Die Operation gliedert sich in folgende vier Phasen:

  • Reposition des Bruchinhaltes
  • Präparation und Resektion des Bruchsacks
  • Hiatoplastik
  • Fixierung des Magens

Die Reposition des Bruchinhalts gelingt selbst bei großen Hernien (W Abb. 4a) und ausgedehnter Hernierung bis hin zu einem Enterothorax meist unproblematisch, da Bruchsack und Bruchinhalt beim Ersteingriff nur selten miteinander verklebt sind. Der Bruchsack sollte komplett reponiert und falls möglich exzidiert werden, da ein Belassen des Bruchsackes mit einer höheren Rezidivrate assoziiert ist [2]. Die Durchtrennung kranialer Vasa gastricae breves ermöglicht einen einfachen Zugang zum linken Zwerchfellschenkel über die Bursa omentalis. Bei der Präparation und Gefäßversiegelung haben sich Dissektionsgeräte auf bipolarer Strombasis oder Ultraschall-Scheren bewährt.
Bei lange bestehender Hernierung kann sich der Muskelschlauch des Ösophagus retrahieren (sog. „short esophagus“) [5]. Die Häufigkeit wird sehr uneinheitlich mit null bis 60 Prozent angegeben [5]. Durch einen short esophagus wird die Gefahr für ein Hernienrezidiv nachweislich erhöht.
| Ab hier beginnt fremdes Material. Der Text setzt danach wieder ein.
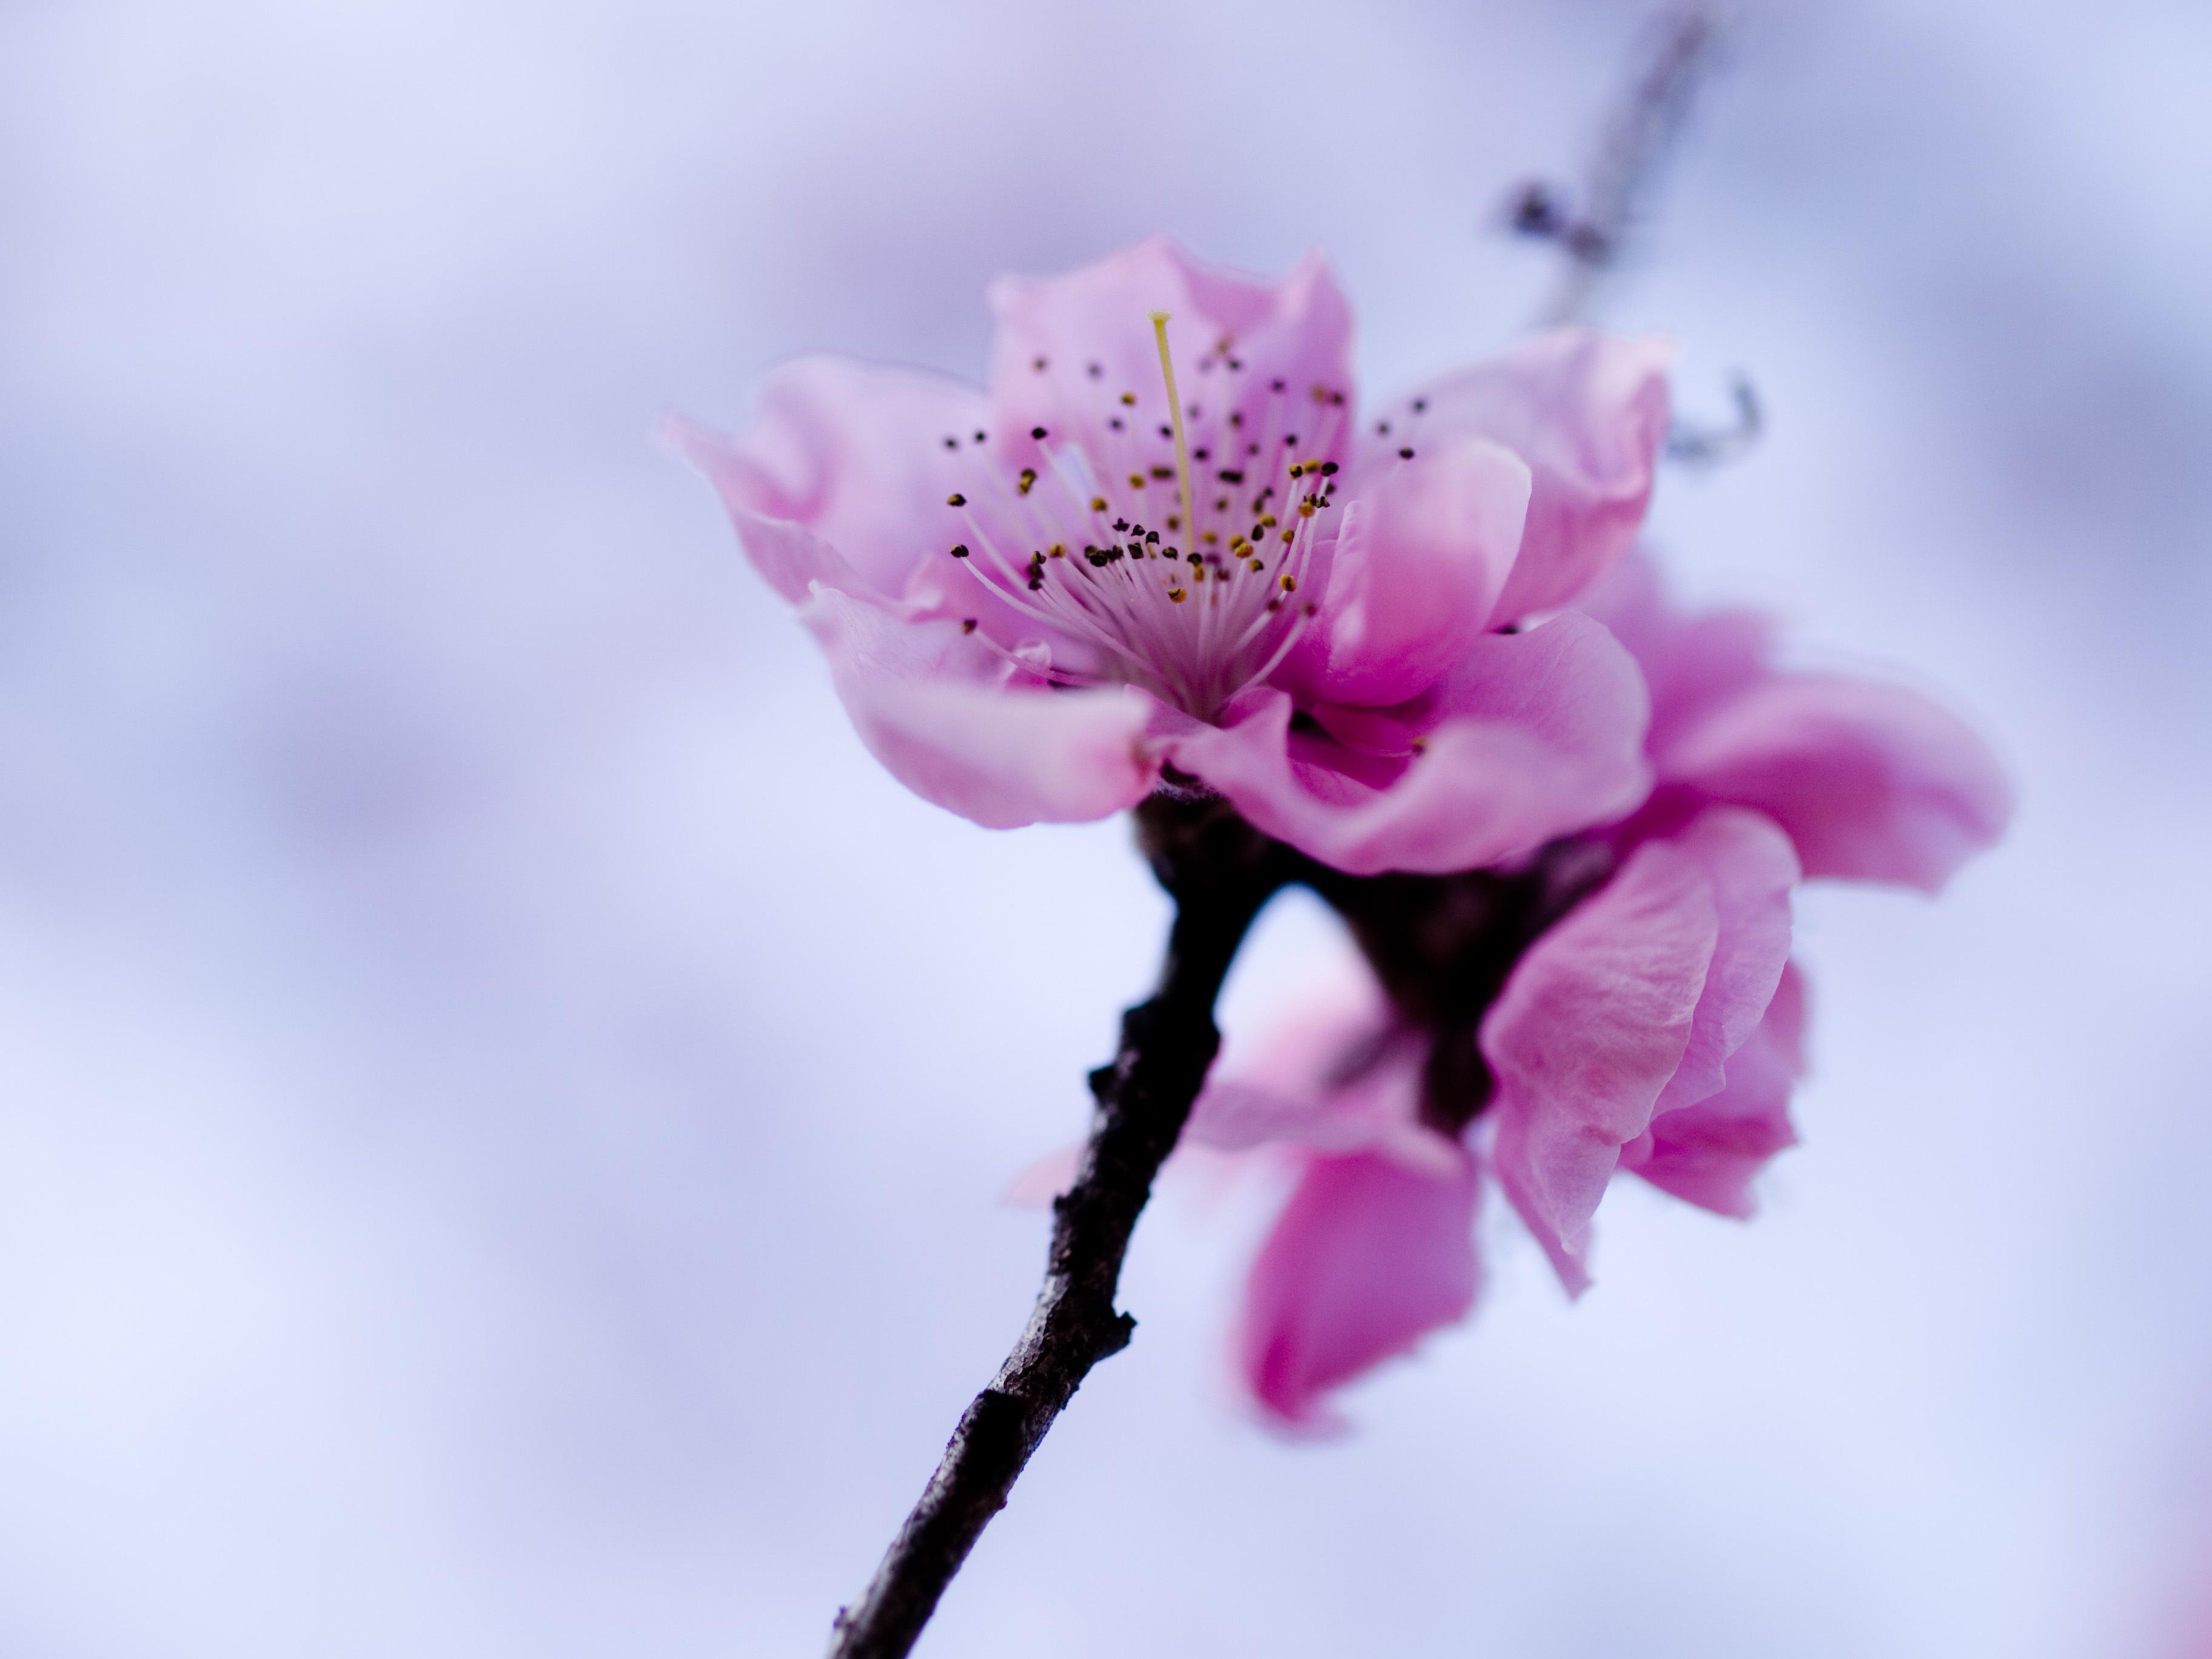 лечения весна картинки красивые розовые большинстве случаев

Durch eine zirka sechs Zentimeter weite mediastinale Mobilisierung der Speiseröhre und komplettes Herauspräparieren des Bruchsack gelingt es jedoch in der Regel den gastroösophagealen Übergang dennoch nach abdominal zu positionieren (Abb. 4b) [5]. In seltenen Fällen kann eine Verlängerungsplastik der Speiseröhre nach Collis-Nissen erforderlich werden, die mit einem Stapler unter Kalibrieren mit einem 12 bis 14 Millimeter dicken Magenschlauch vorgenommen wird. Lipome im Hiatus sollten analog zur Leistenhernien-Chirurgie reponiert oder reseziert werden, da sie als Schrittmacher für ein Rezidiv fungieren können. Der hintere Nervus vagus ist zu schonen, da etwa zehn bis 20 Prozent der vagotomierten Patienten ein Postvagotomie-Syndrom mit Magenentleerungsstörungen oder Diarrhoen entwickeln [15].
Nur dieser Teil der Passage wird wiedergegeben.